Ripon Commonwealth Press
Written By: Aaron Becker08.09.2008
Seventeen years ago, Ripon’s local magician AJ Olson vanished a fire truck at the 1991 Riponfest.
Two years later, he returned to Riponfest and escaped from a chained box lifted 80 feet above the ground, suspended by burning ropes.
Those were his teen years.
By his early 20s, Olson had moved to Las Vegas to pursue a career.
”When I moved there, I was going to set the world on fire and be the worlds next David Copperfield,” he said.
Despite his talents, becoming famous wasn’t easy. Although he rubbed shoulders with magicians David Copperfield, Lance Burton, David Blaine, Siegfried and Roy and others, Olson switched gears and began directing and producing and promoting for other magic acts. He tells of a fierce market in Las Vegas performance, and jokes of an old adage: “Of the 400 magicians in Las Vegas, only eight are working. And of those eight, five work at Hollywood Video. Leaving only [the greats] Lance Burton and Penn and Teller,” he said.
Olson, 33, is still in the magic business today just not the same capacity as his spellbinding feats at Riponfest in its heyday. He now teaches tricks, sells magic and provides feedback to new and aspiring magicians at
http://streetofcards.com, an interactive Web site he created.
Magicians can buy new tricks, chat with one another, upload their own videos and more. It launched in September 2007.
Then, this past June, he unveiled SOC-TV, a television channel that offers magic-based programming 24-7 through the Web site. Olson says it’s the first such channel of its kind.
”We have five regular people on staff, and we’re already feeling understaffed,” he said.
With the start of the Web site and, more recently, the TV channel, Olson is making a new career appear, one that was literally 25 years in the making.
Olson has been attending Abbott’s Magic Get-Together in Colon, Mich., every year for the past quarter century.
Colon is called the magic capitol of the world. Once a year, more than 1,000 magicians invade the city, which ordinarily has fewer than 2,000 residents and is surrounded by Amish country. It’s an all-out magical extravaganza. This month marked the 71st annual Magic Get-Together.
Olson describes his annual trip as a “special, unique experience.”
“The history in Colon is just phenomenal,” he said, adding nearly 40 magicians are buried in Colon. “I wanted to share this experience with people.” So over the past few years, he captured 57 hours of video, using skills from his days at Ripon’s Channel 19.
He started editing the footage after the 2007 trip, and now has a 53-minute documentary about the event: “Street of Cards.”
It’s named for the art of “card scaling” , throwing playing cards long distances with accuracy. It’s a common activity at the magic festival, leaving the downtown littered with cards.
”I didn’t want to share a movie with magicians; I wanted to share it with the general public,” he said.
Although the Sundance Film Festival turned it down, Olson wanted to sell it.
He quit his day job this past January and started marketing the documentary over his Web site.

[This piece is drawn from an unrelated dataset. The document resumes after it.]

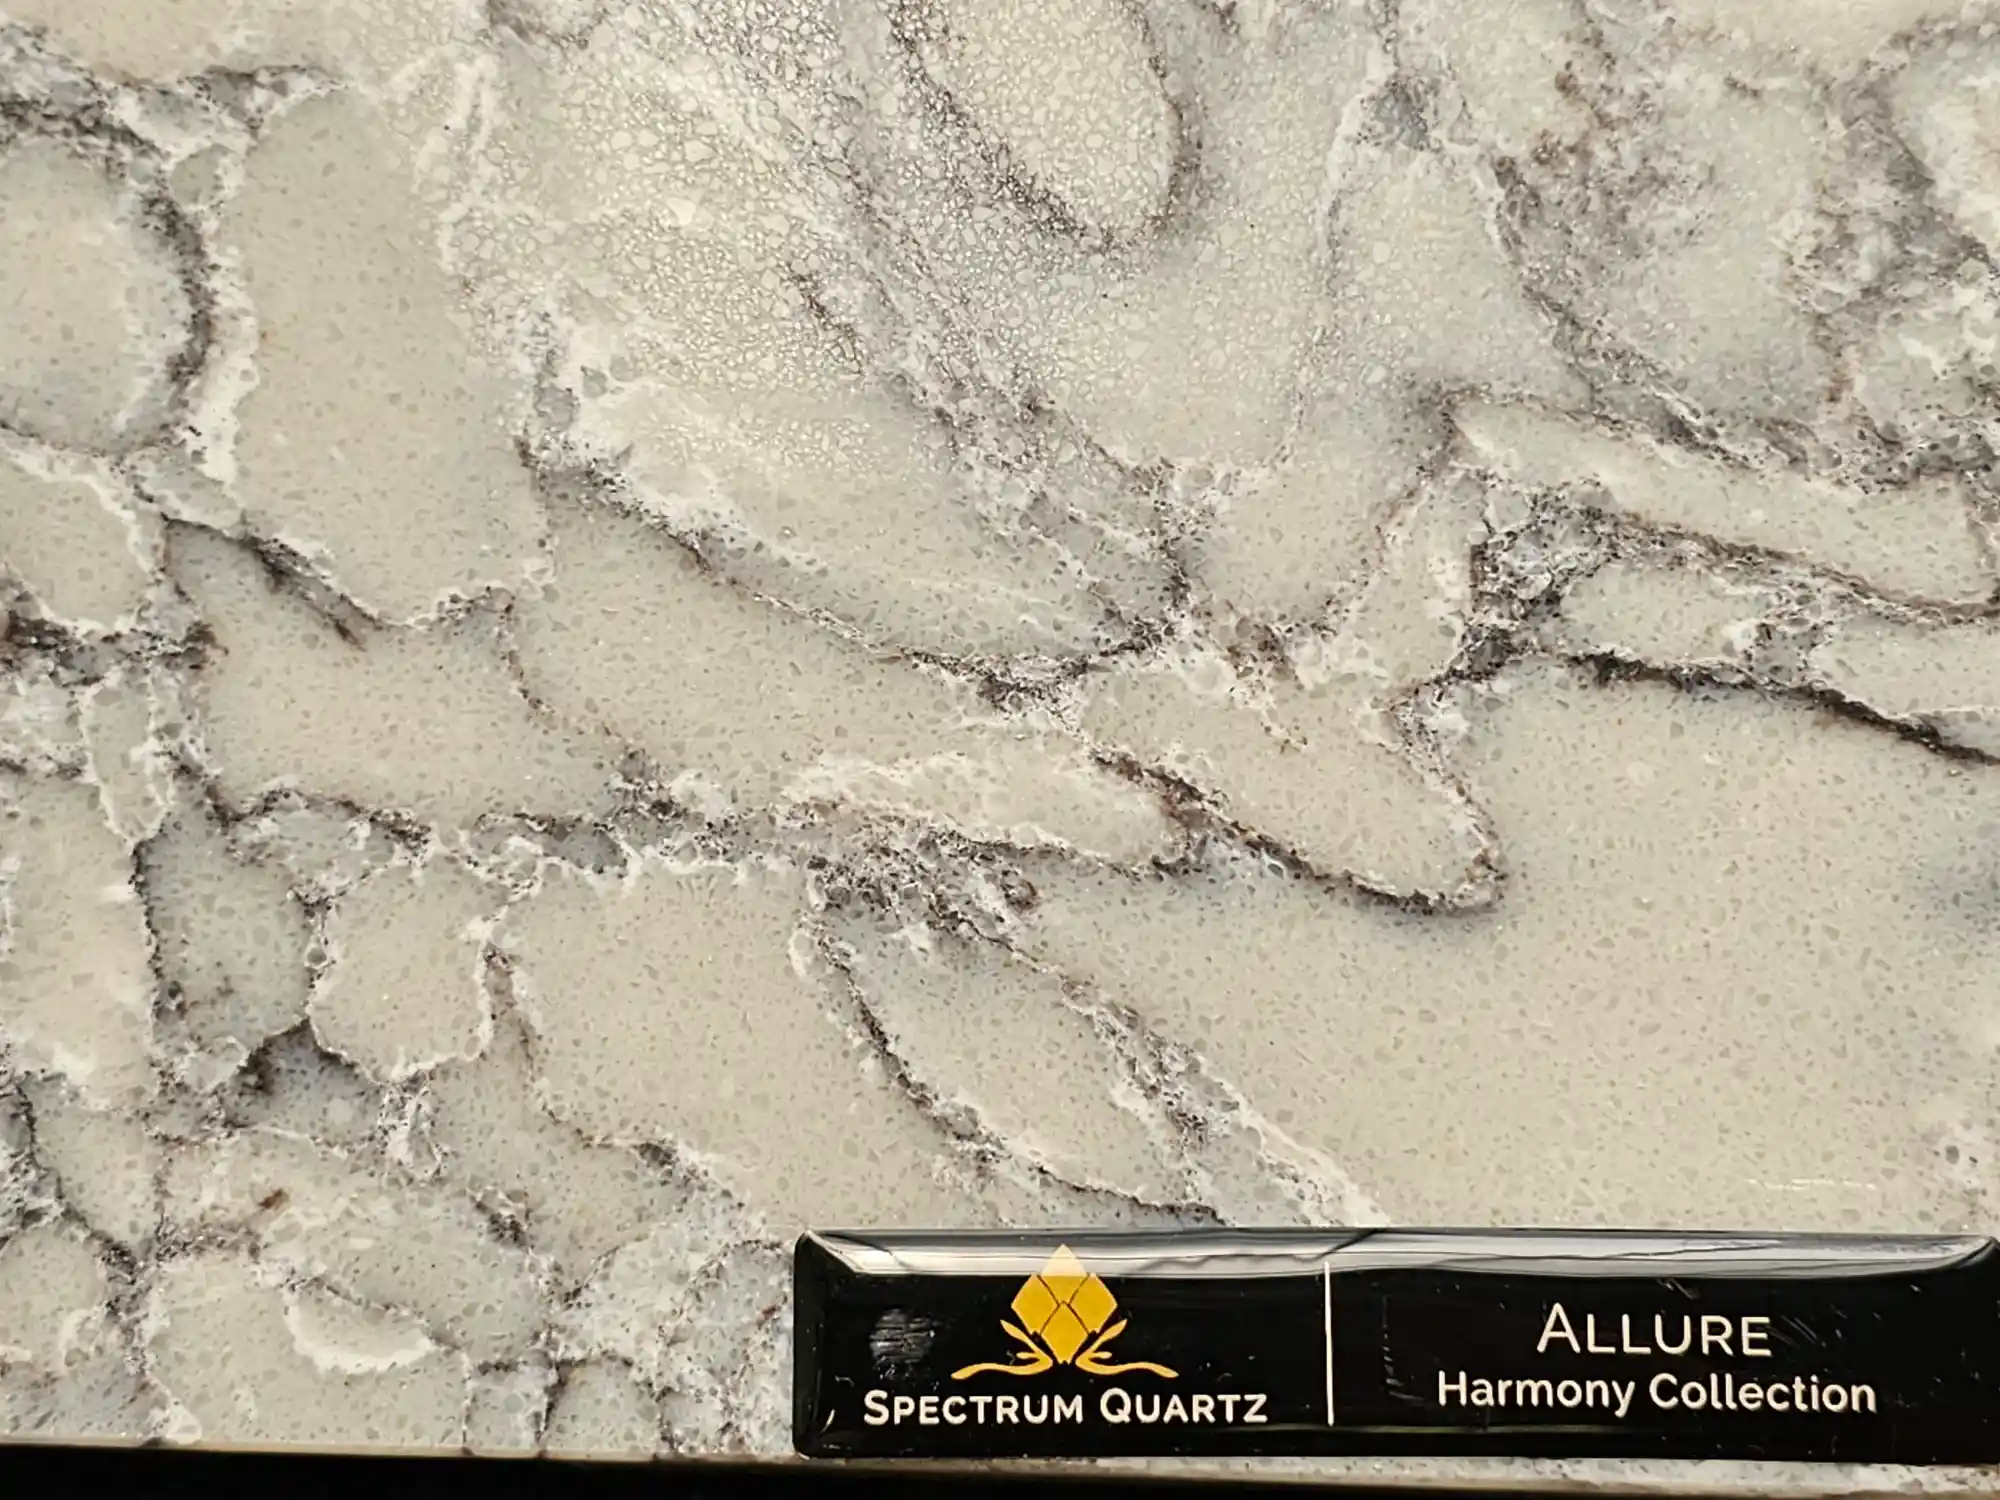 Allure spectrum quartz countertop

For the first two months, he had no sales. “And I thought I am in trouble. Things are not good,” he said.
The “big change”, as he describes it, came in April, when he attended the National Association of Broadcasters convention. There, Olson learned about Internet Protocol Television, a growing trend in the visual arts.
Weeks later, he unveiled his own magic-based TV channel that broadcasts 24-7 through his Web site.
SOC-TV is a fully functional TV studio, even going live on Wednesday nights from a Las Vegas magic club and every FRI and SAT night from a popular magic night club called the wonderground. These are live broadcasts and open for the general public to enjoy, without exposing the guarded secrets of magic.
It’s available over the Internet now, and also through TVs that have digital converter boxes. The channel will become even more accessible after February 2009, when all broadcast TV goes digital.
It’s already making an impact.
”After SOC-TV launched, then the movies really started selling,” Olson said.
So far, he’s sold DVD’s along with sales of a downloaded version that you can watch online.
The Web site itself, meanwhile, surged from 282 hits in January to more than 7,000 as of August.
That’s enough to amaze even Olson.
”I’ve been watching numbers on Web sites for a long, long time, and I’ve never seen anything grow in popularity this quickly,” he said.